«Exhortación a los médicos de la peste»
POR NÉSTOR MACHIAVELLI (PUBLICADO EN FACEBOOK)
Antes que alumbrara «La Peste» en 1947, su autor Albert Camus escribió una serie de recomendaciones a los médicos que trabajan en las epidemias. El texto estiman que lo redactó en 1941 y serían apuntes que fue recogiendo para la novela que es un clásico de la literatura universal. El diario EL PAIS de España publica hoy por primera vez el texto en castellano.
Lo termino de leer y comparto una extracto de consejos que inesperadamente tienen actualidad mundial:
‘Exhortación a los médicos de la peste’
-Los buenos escritores ignoran si la peste es contagiosa. Pero suponen que sí. Y por eso ustedes deberían mandar abrir las ventanas del cuarto en el que visiten a un enfermo.
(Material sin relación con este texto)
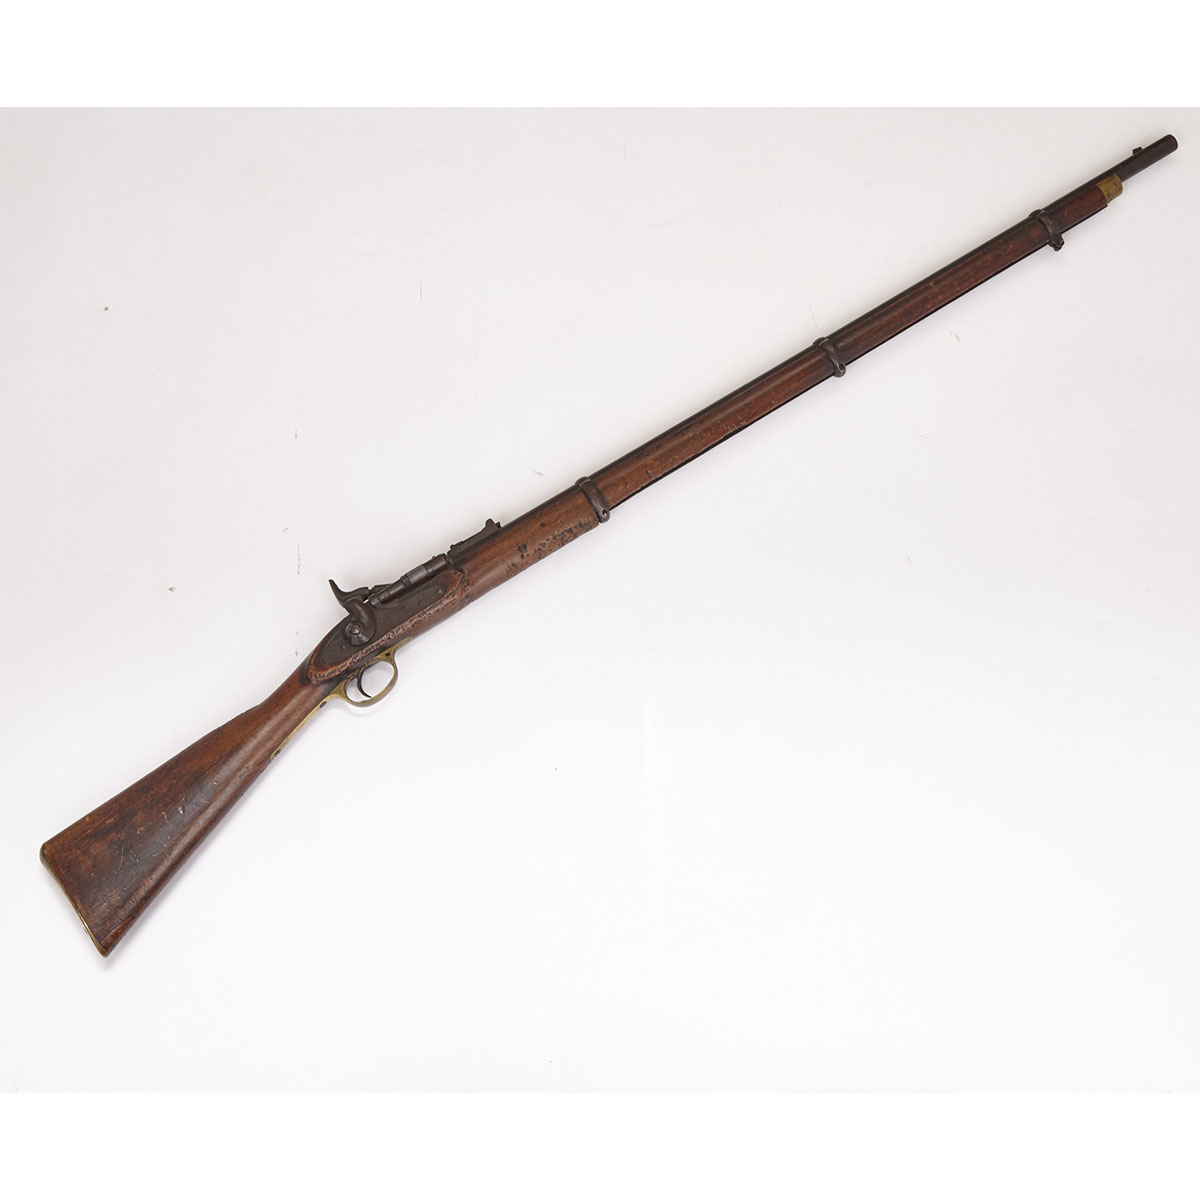 Snider Enfield Model 1853 Conversion Rifle, 1864

Solo hay que recordar que la peste bien puede encontrarse en las calles e infectarlos de todos modos, estén o no las ventanas abiertas. También les aconsejan que utilicen una máscara con gafas y se coloquen un paño mojado en vinagre bajo la nariz. Nunca mirar al enfermo a la cara, a fin de no ponerse en la trayectoria de su aliento. Por eso mismo, si, aun dudando de la utilidad del procedimiento, han abierto la ventana, sería bueno que no se pusieran en la corriente de aire.
-Existen otras medidas muy necesarias para la protección del cuerpo, aun cuando atañen más bien a la disposición del alma. “Ningún individuo”, dice un autor antiguo, “puede permitirse tocar nada contaminado en un país donde reine la peste”. Eso está bien dicho. Y no existe rincón que no debamos purificar en nosotros, incluso en lo más secreto de nuestro corazón, para poner de nuestra parte las pocas oportunidades que queden. Eso es especialmente cierto en el caso de los médicos como ustedes, que están más cerca, si cabe, de la enfermedad, y resultan por ello aún más sospechosos. Tienen que predicar con el ejemplo.
-Para empezar, nunca deben tener miedo. Se sabe de gente que llevó a cabo muy bien su oficio de soldado con miedo a los cañones. Pero lo cierto es que las balas matan por igual a valientes y medrosos. El azar incide en la guerra, pero muy poco en la peste. El miedo infecta la sangre y calienta los humores: lo dicen todos los libros. Así pues, predispone a quedar bajo la influencia de la enfermedad; y para que el cuerpo venza la infección, el alma tiene que ser fuerte. Por cierto, no hay peor miedo que el miedo al final postrero, pues el dolor es temporal. De ahí que ustedes, los médicos de la peste, deban plantar cara a la idea de la muerte y reconciliarse con ella, antes de entrar en el reino que la peste les prepara. Si salen vencedores en esto, lo serán en todo, y los verán sonreír en medio del terror. En conclusión, les hará falta una filosofía.
-Cultiven una alegría razonable a fin de que la pena no altere la fluidez de la sangre y la prepare para la descomposición. Observen la mesura, primer enemigo de la peste y regla natural de la humanidad. Némesis no era, como les contaron en el colegio, la diosa de la venganza, sino de la mesura. Y asestaba sus terribles golpes a los hombres solo cuando estos se habían entregado al desorden y el desenfreno. La peste procede del exceso. Es en sí misma un exceso e ignora la contención. Ténganlo presente si quieren combatirla con clarividencia. No le den la razón a Tucídides, que habla de la peste en Atenas y dice que los médicos no eran de ninguna ayuda porque, en principio, abordaban el mal sin conocerlo. La epidemia adora los cuchitriles secretos. Acérquenle la luz de la inteligencia y la equidad. En la práctica, verán que es más fácil que no tragarse la saliva.
-Por último, tienen que ser capaces de controlarse. Y, por ejemplo, hacer que se respeten las normas que hayan elegido, como el bloqueo y la cuarentena. Un historiador de Provenza cuenta que, en el pasado, cuando un confinado lograba escapar, mandaban que le rompieran la cabeza. No desearán eso. Pero tampoco pasarán por alto el interés general. No harán excepciones a las normas durante todo el tiempo que estas sean útiles, ni siquiera cuando el corazón los apremie. Se les pide que olviden un poco quiénes son, sin olvidar jamás lo que se deben a ustedes mismos. Esa es la regla de un honor tranquilo.